Chapter 13 Advancing language understanding and Generation with the Transformer models

Author: Yuxi (Hayden) Liu (yuxi.liu.ece@gmail.com)

# Generating text using GPT 

## Writing your own War and Peace with GPT

In [1]:
from transformers import pipeline, set_seed

generator = pipeline('text-generation', model='gpt2')
set_seed(0)
generator("I love machine learning",
          max_length=20,
          num_return_sequences=3)

Setting `pad_token_id` to `eos_token_id`:50256 for open-end generation.


[{'generated_text': 'I love machine learning, so you should use machine learning as your tool for data production.\n\n'},
 {'generated_text': 'I love machine learning. I love learning and I love algorithms.
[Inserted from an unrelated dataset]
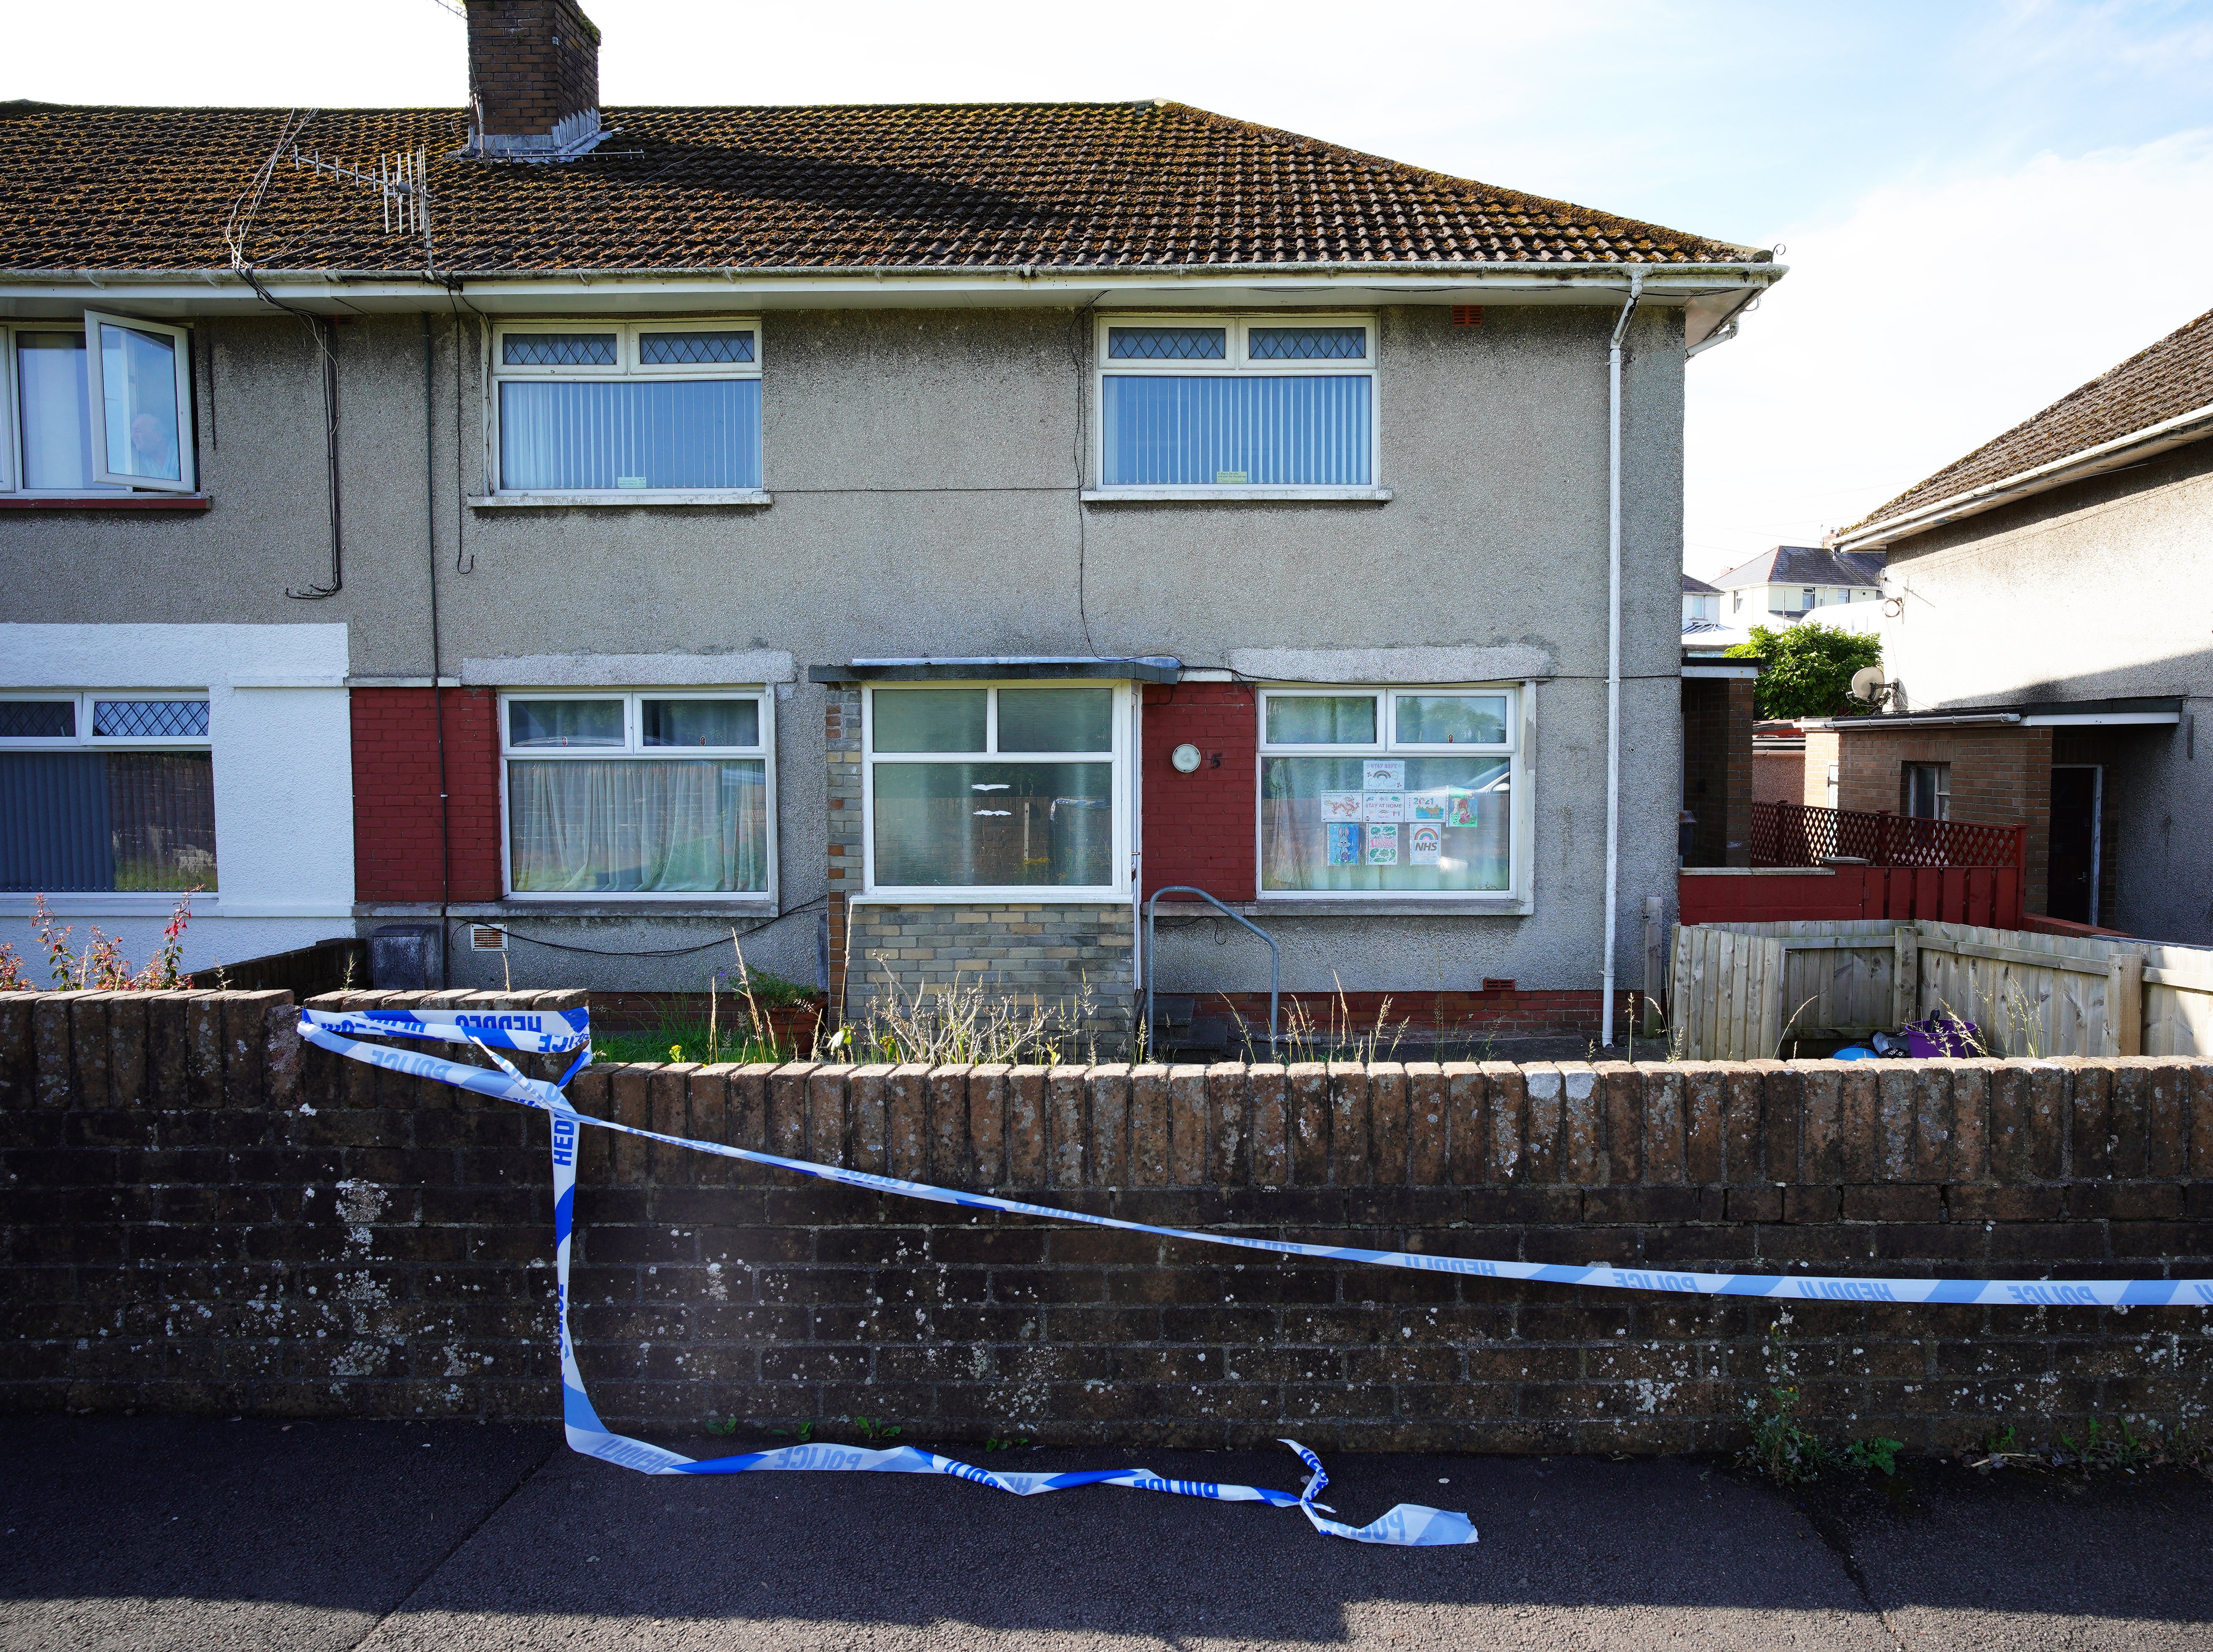 Police tape at a property in the Sarn area of Bridgend, near where five-year-old Logan Mwangi was found dead in the River Ogmore (Ben Birchall/PA)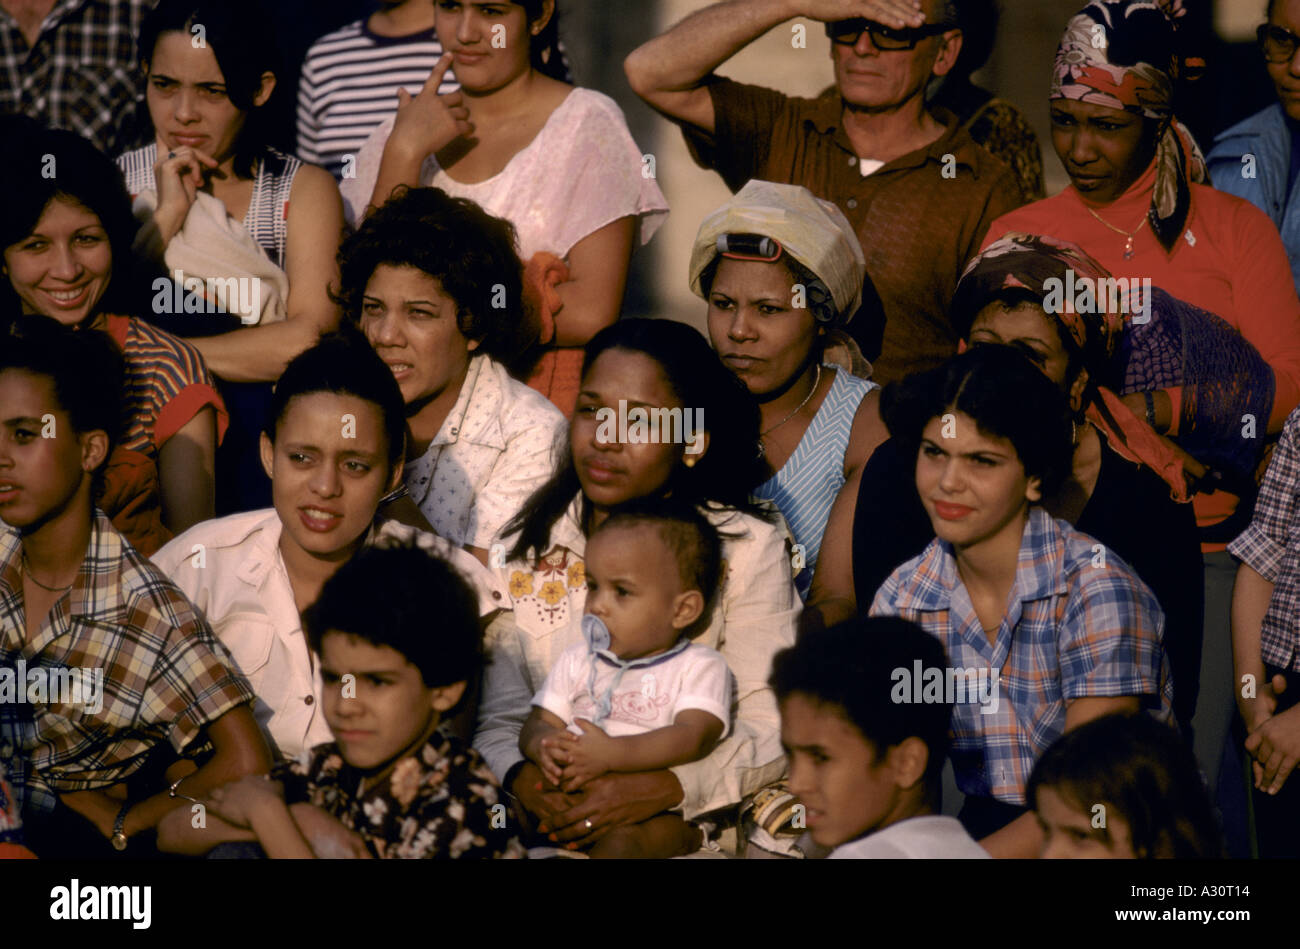 Crowds of people at a rally celebrating the anniversary of the Cuban Revolution, Cuba Stock Photo

I love learning to control systems.'},
 {'generated_text': 'I love machine learning, but it would be pretty difficult for it to keep up with the demands and'}]

In [2]:
from transformers import TextDataset, GPT2Tokenizer

# tokenizer = GPT2Tokenizer.from_pretrained('gpt2')
tokenizer = GPT2Tokenizer.from_pretrained('gpt2', local_files_only=True)


In [3]:
text_dataset = TextDataset(tokenizer=tokenizer, file_path='warpeace_input.txt', block_size=128)



In [4]:
len(text_dataset)

6176

In [5]:
from transformers import DataCollatorForLanguageModeling
data_collator = DataCollatorForLanguageModeling(tokenizer=tokenizer, mlm=False)


In [6]:
import torch
from transformers import GPT2LMHeadModel
model = GPT2LMHeadModel.from_pretrained('gpt2')

device = torch.device("cuda" if torch.cuda.is_available() else "cpu")
model.to(device)

GPT2LMHeadModel(
  (transformer): GPT2Model(
    (wte): Embedding(50257, 768)
    (wpe): Embedding(1024, 768)
    (drop): Dropout(p=0.1, inplace=False)
    (h): ModuleList(
      (0-11): 12 x GPT2Block(
        (ln_1): LayerNorm((768,), eps=1e-05, elementwise_affine=True)
        (attn): GPT2Attention(
          (c_attn): Conv1D()
          (c_proj): Conv1D()
          (attn_dropout): Dropout(p=0.1, inplace=False)
          (resid_dropout): Dropout(p=0.1, inplace=False)
        )
        (ln_2): LayerNorm((768,), eps=1e-05, elementwise_affine=True)
        (mlp): GPT2MLP(
          (c_fc): Conv1D()
          (c_proj): Conv1D()
          (act): NewGELUActivation()
          (dropout): Dropout(p=0.1, inplace=False)
        )
      )
    )
    (ln_f): LayerNorm((768,), eps=1e-05, elementwise_affine=True)
  )
  (lm_head): Linear(in_features=768, out_features=50257, bias=False)
)

In [7]:
optim = torch.optim.Adam(model.parameters(), lr=5e-5)

In [8]:
from transformers import Trainer, TrainingArguments

training_args = TrainingArguments(
    output_dir='./gpt_results', 
    num_train_epochs=20,     
    per_device_train_batch_size=16, 
    logging_dir='./gpt_logs',
    save_total_limit=1,
    logging_steps=500,
)


In [9]:
trainer = Trainer(
    model=model,
    args=training_args,
    data_collator=data_collator,
    train_dataset=text_dataset,
    optimizers=(optim, None)
)


In [10]:
trainer.train()

Step,Training Loss
500,3.4141
1000,3.1495
1500,3.0075
2000,2.8826
2500,2.7792
3000,2.6992
3500,2.6217
4000,2.5488
4500,2.4954
5000,2.4476


TrainOutput(global_step=7720, training_loss=2.6408239769812076, metrics={'train_runtime': 1411.9948, 'train_samples_per_second': 87.479, 'train_steps_per_second': 5.467, 'total_flos': 8068697948160000.0, 'train_loss': 2.6408239769812076, 'epoch': 20.0})

In [11]:
def generate_text(prompt_text, model, tokenizer, max_length):
    input_ids = tokenizer.encode(prompt_text, return_tensors="pt").to(device)
    
    # Generate response
    output_sequences = model.generate(
        input_ids=input_ids,
        max_length=max_length,
        num_return_sequences=1,
        no_repeat_ngram_size=2,
        top_p=0.9,
    )

    # Decode the generated responses
    responses = []
    for response_id in output_sequences:
        response = tokenizer.decode(response_id, skip_special_tokens=True)
        responses.append(response)

    return responses

In [12]:
prompt_text = "the emperor"
responses = generate_text(prompt_text, model, tokenizer, 100)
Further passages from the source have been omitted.